New York, Curt Valentin Gallery, Reg Butler, January – February 1955, no.42, illustrated in the exhibition catalogue (another cast);
Pittsburgh, Carnegie Institute, Reg Butler, October 1961-January 1962 (catalogue untraced);
Buffalo, Albright-Knox Art Gallery, Contemporary British Painting and Sculpture, October – November 1964, no.10, illustrated in the exhibition catalogue (another cast);
London, Tate Gallery, Reg Butler, November 1983-January 1984, cat.no.51, illustrated, p.65 (another cast).

Literature

Margaret Garlake, New Art New World: British Art in Postwar Society, Yale University Press, New Haven & London, 1998, p.198.

Catalogue Note

Conceived in 1954 and cast in an edition of 6. Casts of this sculpture are in the collections of the Albright-Knox Art Gallery, Buffalo, Hirshhorn Museum & Sculpture Garden, Washington and the Detroit Institute of Arts.

Male figures are rare in Butler’s oeuvre, and when they do appear, they are generally found to be holding or operating some kind of machinery. Manipulator is one of Butler’s earliest large-scale bronze sculptures and holds a network of rods whilst his head is thrown back.
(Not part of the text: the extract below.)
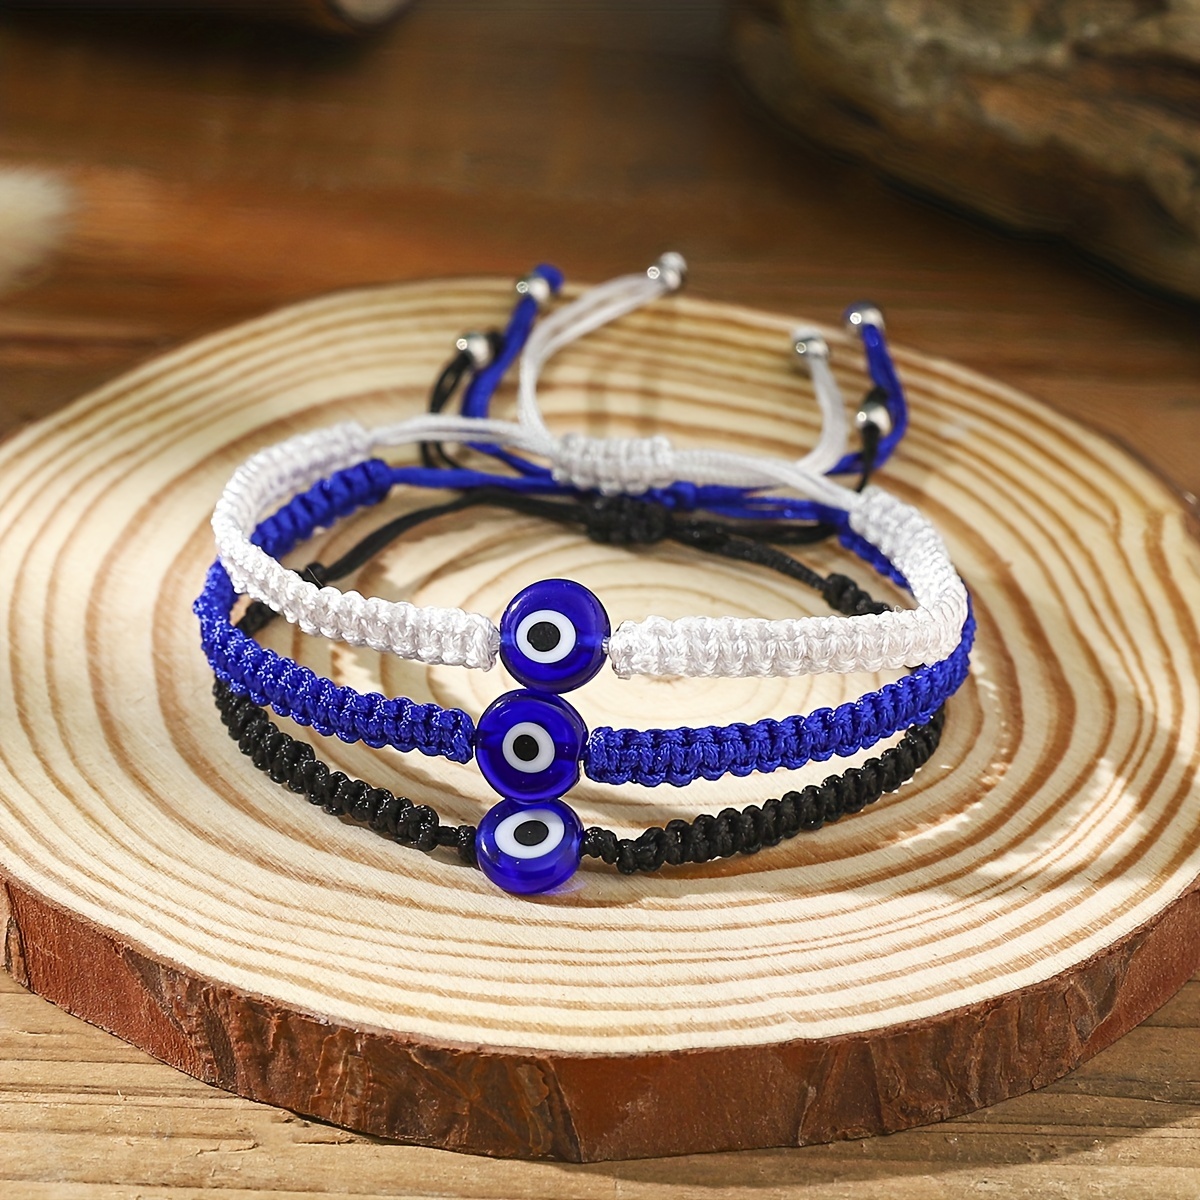 Bracelet cordon tressé bleu marine - Cadeau original pour homme.

The figure is lifted off the ground on a grid similar to that which was to become a feature of his female figures during the decade.

Commentators have noted the comparisons between Butler’s sculpture and the work of Francis Bacon, and indeed their work had been shown together at the I.C.A., along with that of Germaine Richier, in the London/Paris exhibition in 1950. Both artists also exhibited regularly with the Hanover Gallery in London throughout the decade, and thus there are grounds for such connections. The anguished face of Manipulator, whilst not as distorted as that of The Oracle of 1952 and Circe Head of 1952-3, still carries a clear message of torment, and seems to derive originally from the screaming figure in the right hand panel of Bacon’s Three Studies for Figures at the Base of a Crucifixion (Coll. Tate), and the framework on which Manipulator stands may be compared with the constructions which appear in Bacon’s paintings, such as that found in Study of a Nude (Coll. Robert & Lisa Sainsbury, U.E.A.) of 1952-3. However, the intentions here are very different from that in Bacon’s work of the period which was demonstrating an ever-increasing tendency towards violence. Manipulator seems to be a questioning figure, and indeed the head is very similar to the upturned head of the same date entitled Study for Third Watcher and thus we may see a strand of the ideas of the earlier Unknown Political Prisoner Sculptures carried through to the sculptures that followed.